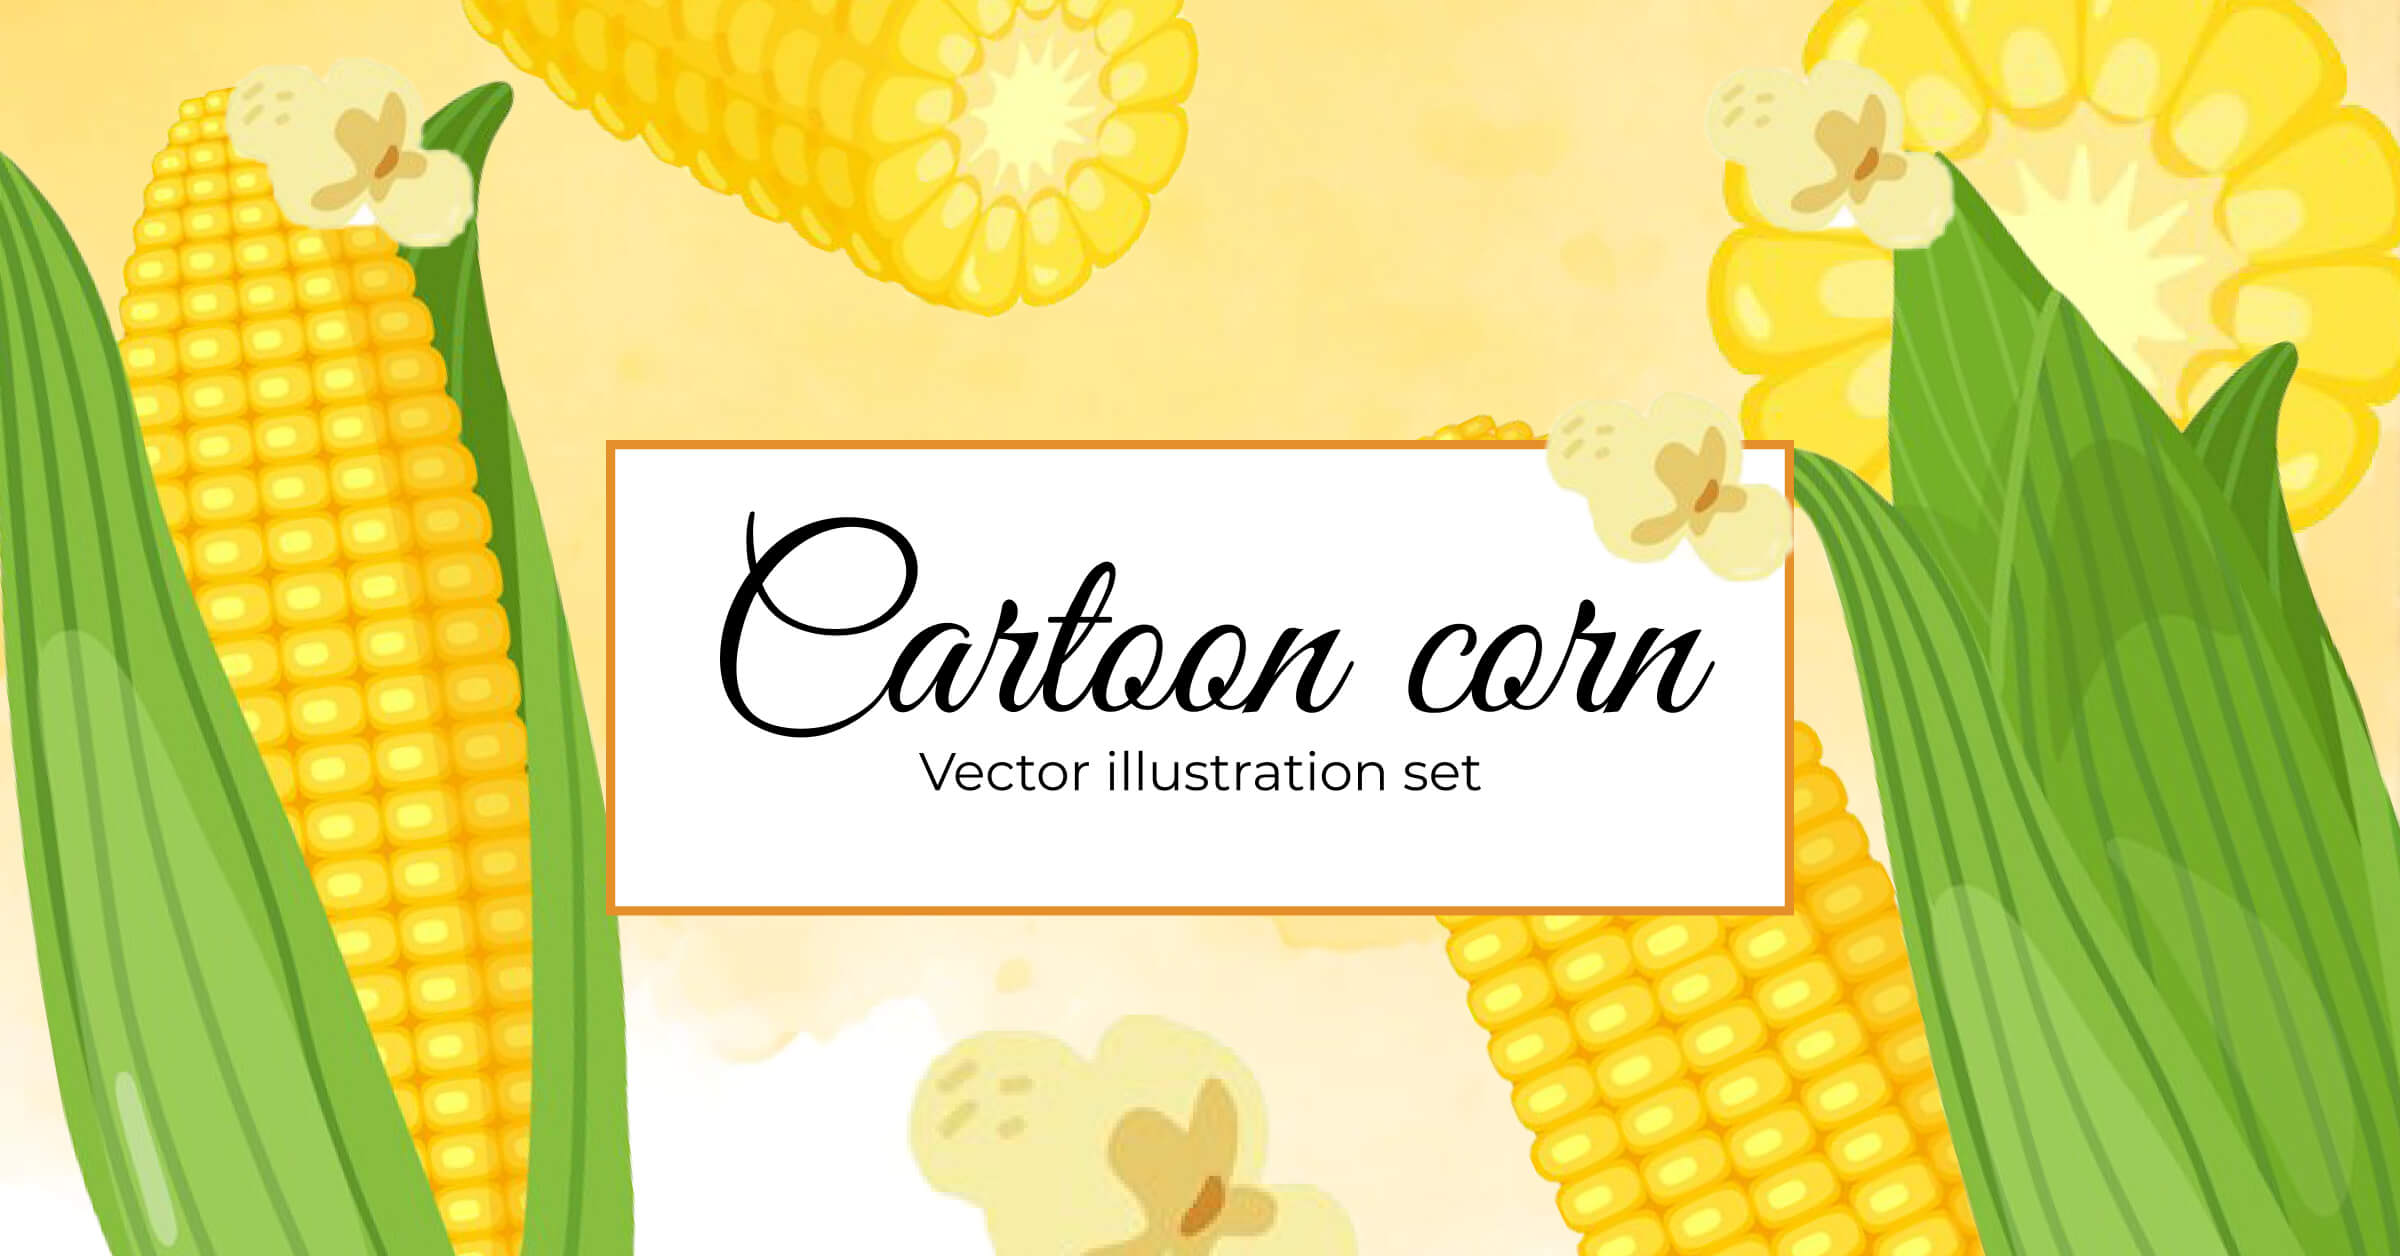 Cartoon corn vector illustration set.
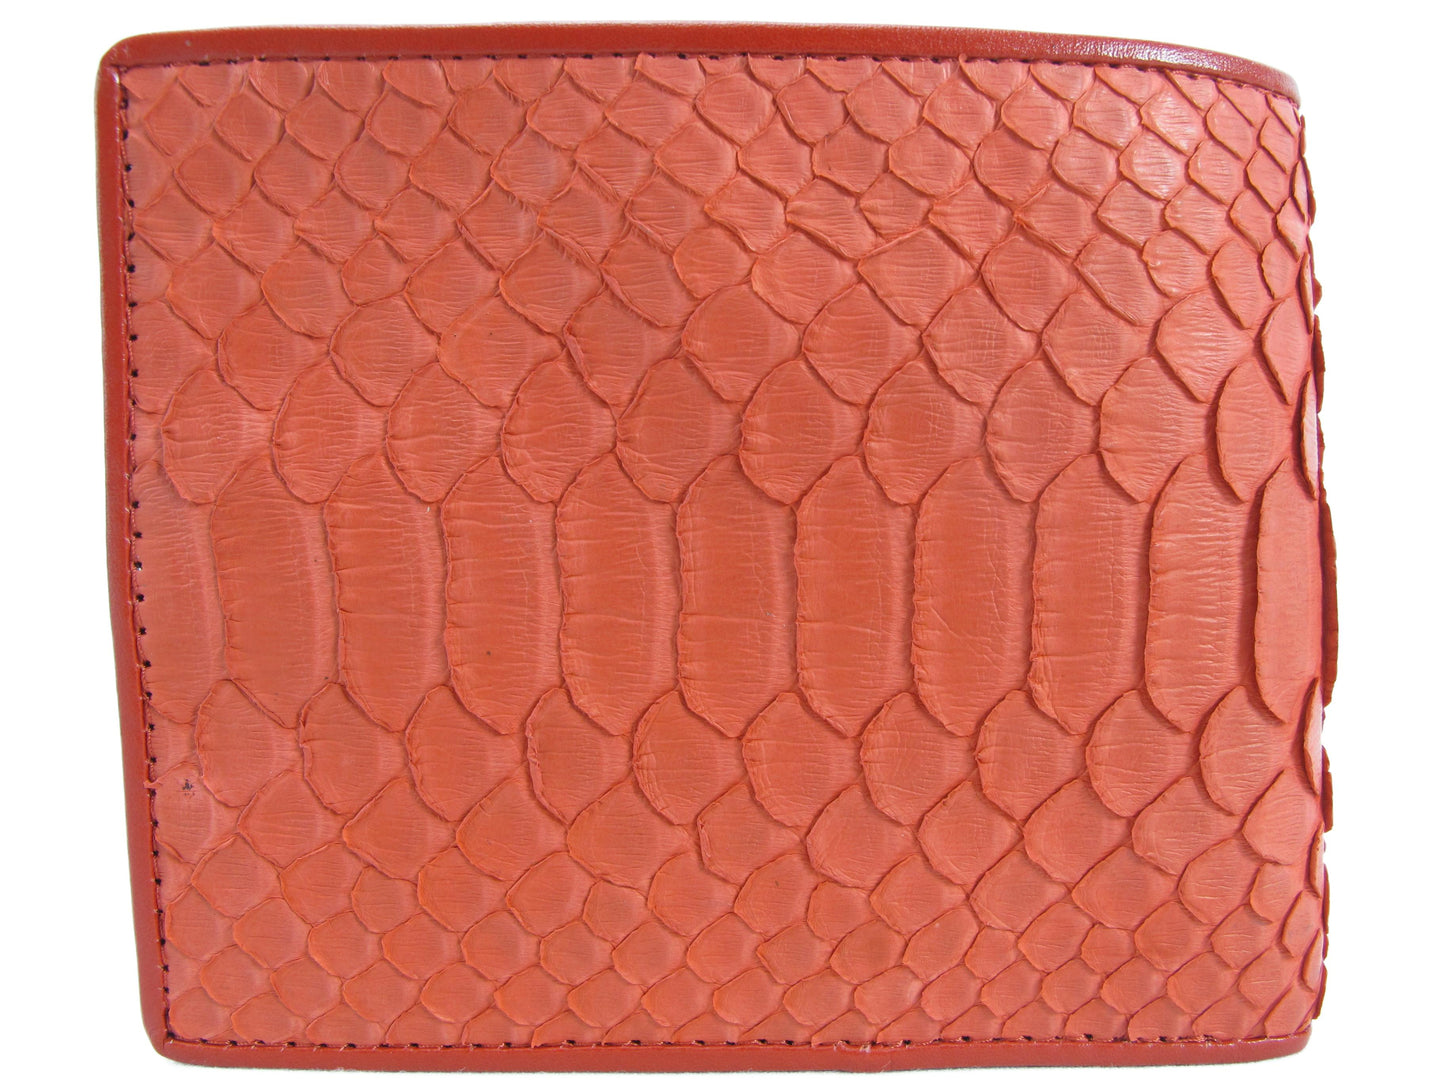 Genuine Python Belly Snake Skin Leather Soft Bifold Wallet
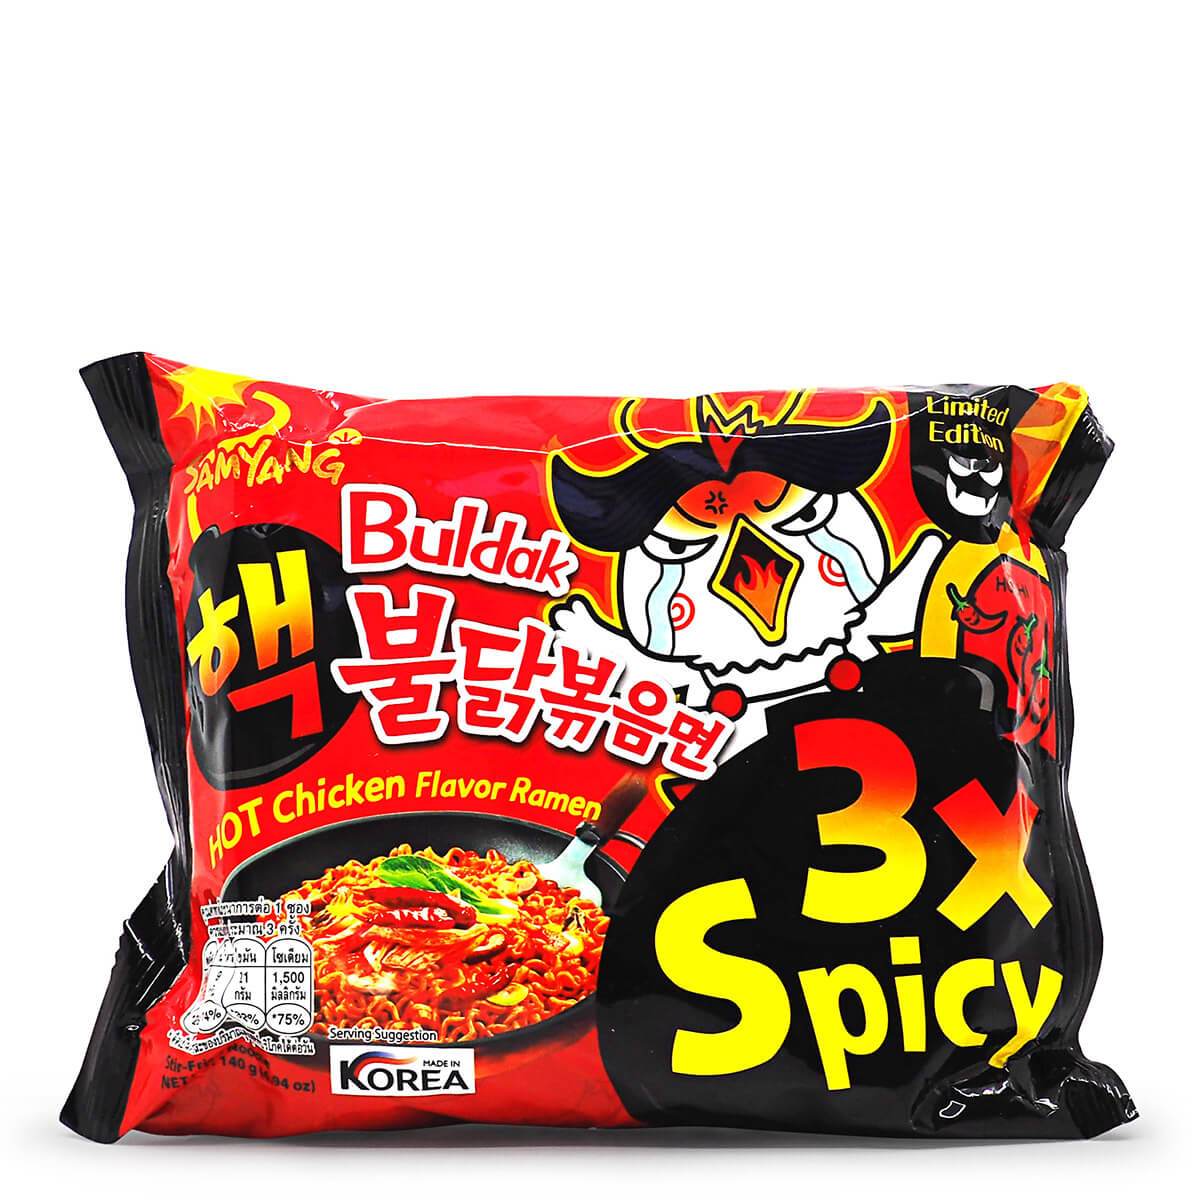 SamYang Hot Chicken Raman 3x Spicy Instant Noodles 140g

- **What to produce**
Could you give the listing again exactly, minus its pictures?

- **Answer section**
 Cartoon corn vector illustration set.
 Genuine Python Belly Snake Skin Leather Soft Bifold Wallet
 SamYang Hot Chicken Raman 3x Spicy Instant Noodles 140g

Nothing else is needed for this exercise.